Hello, and thanks for visiting my webpage. I am a highly experienced data scientist with 10+ years of experience in quantitative and data analytics.

I have significant experience in the full machine learning lifecycle: data gathering and analysis, modeling and production.

On this page you'll find an overview of my expertise, data science projects, the tools I used and links to the underlying code and data.

  • Data Science expertise
  • Machine Learning

    Experince with a wide variety of machine learning techniques including: classification methods, clustering methods, regression techniques, neural networks, ensemble and tree methods, logistic and linear regression, support vector machines.

  • Natural Language Processing

    Sentiment analysis, language models, topic modeling and deep learning.

  • Technical expertise
  • Python data science stack

    Expertise in the full data science stack including: Pandas, Scikit-learn, Tensorflow, Keras

  • Cloud platforms: AWS, GCP

    Amazon Web Serices and Google Cloud Platform experience.

  • Big data analytics

    Worked with Hadoop, Spark, PySpark in large organizations to implement modeling and big data solutions.

Data Science Projects

Below are some of the projects that I've worked on using a variety of data analysis and machine learning tools and techniques.
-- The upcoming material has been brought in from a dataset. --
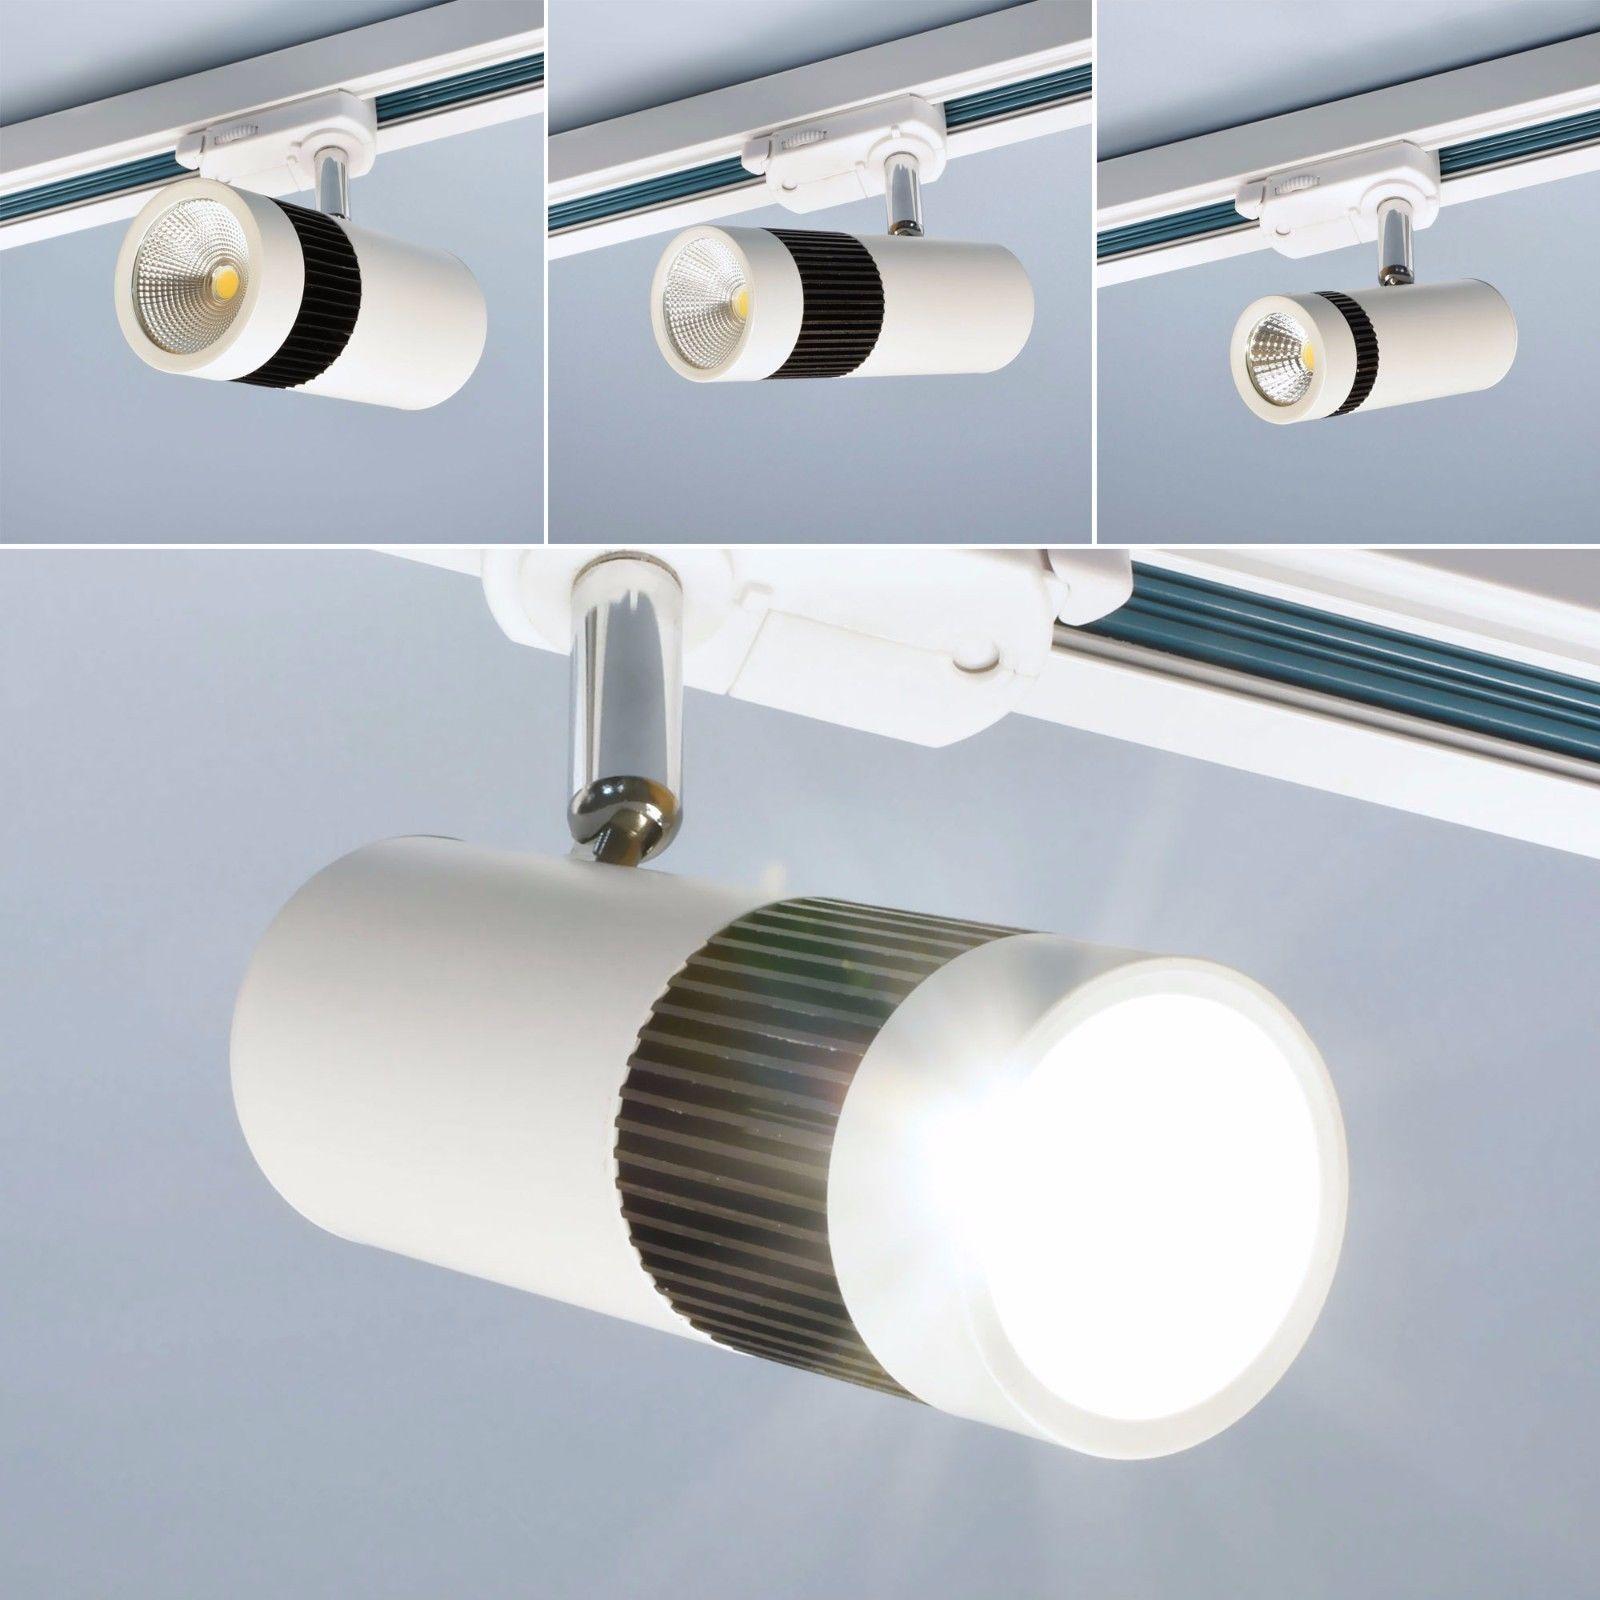 Led Schienensystem Burolicht Spot Strahler Deckenleuchte Tracklight Deckenlampe Ebay Led Schienensystem Deckenlampe Und Lampen

They cover a variety of subjects and tools. Links to the github repo with the jupyter notebook and the original data sources are provided.

Text summarization

Using a corpus of over 1 million news articles we developed a tensorflow based model to summarize news headlines. The model used cutting edge Python libraries for natural language processing and AI.
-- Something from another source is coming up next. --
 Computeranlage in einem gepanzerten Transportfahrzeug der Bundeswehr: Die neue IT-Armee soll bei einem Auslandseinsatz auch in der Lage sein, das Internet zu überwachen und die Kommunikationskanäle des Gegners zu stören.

label Python, tensorflow, keras.

Bike share SF

In this project I used Google cloud platform to determine the usage of Ford Go Bikes in SF. The main focus of the project was the usage of bikes and the level of usage during commuter hours. Visualizations were done in matplotlib.
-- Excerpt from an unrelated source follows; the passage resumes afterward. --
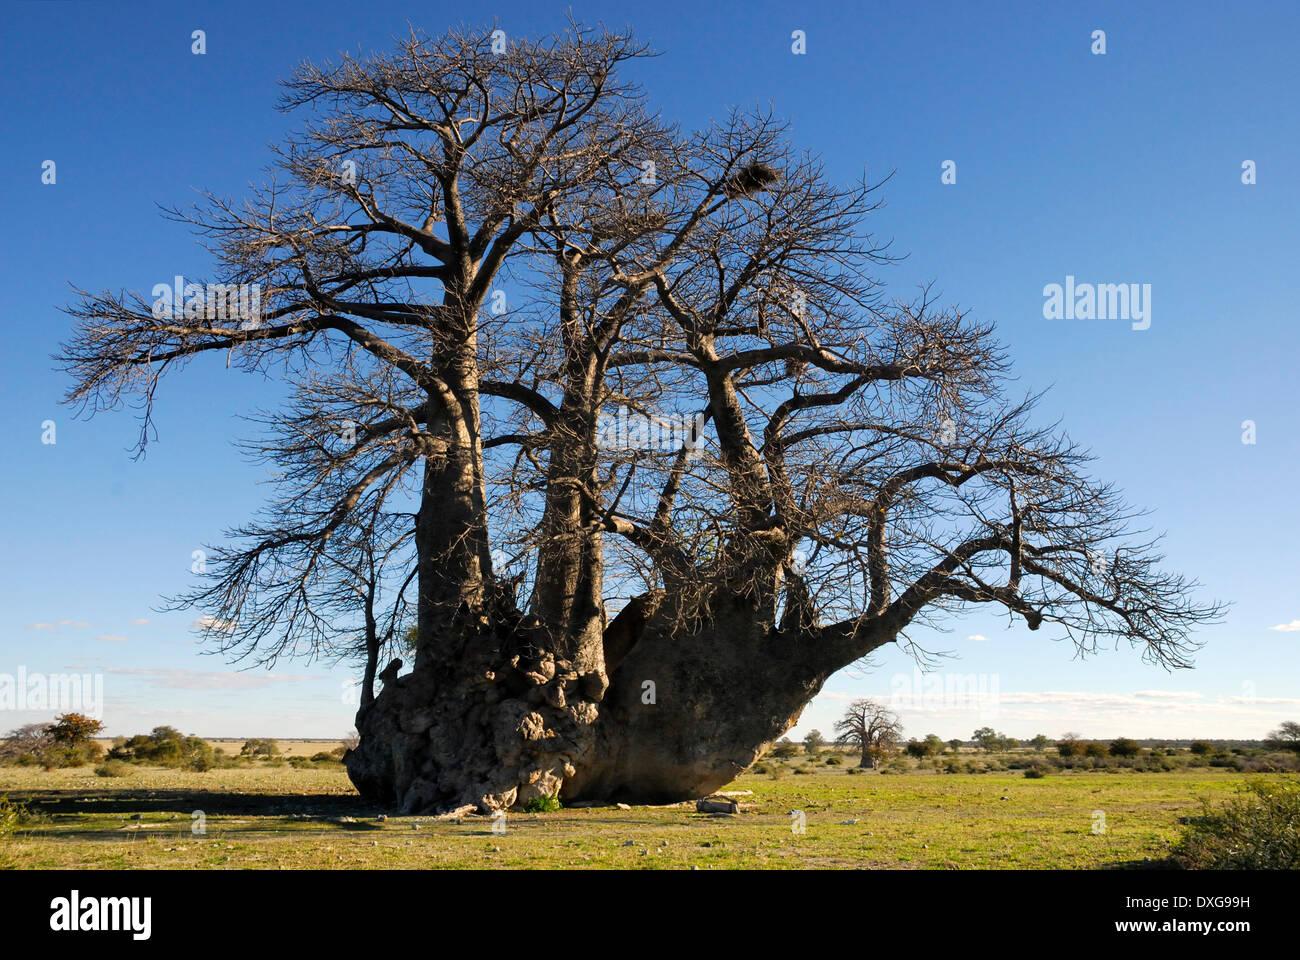 Big Baobab tree on the edge of Sowa Pan, Makgadikgadi Pans,Botswana - Stock Image

label Python, BigQuery, Matplotlib, Pandas.

House price prediction

In this project I used gradient boosting machines to predict house prices on a Kaggle dataset. I explored three techniques: linear regression (as a baseline), random forests and gradient boosting machines. The notebook with the analysis and results is available on the github.

label Python, matplotlib, scikit-learn, pandas.

Tax in the US

Using publicly available tax revenue data at the zip code level, we explored the distribution of income tax. The analysis explores which zip codes pay the highest and lowest income, which states generate the most tax revenue and contribute the highest level of per capita tax revenue.

label Python, matplotlib, pandas, ipywidgets/d3.js.

Forest cover type prediction

Using data from Kaggle this project looks at how to predict the type of a tree in a forest from topographic attributes of the region. We explored several classifiers including logistic regression, multi-layer neural networks, support vector machines, random forests and gradient boosting trees.

label Python, matplotlib, scikit-learn, pandas.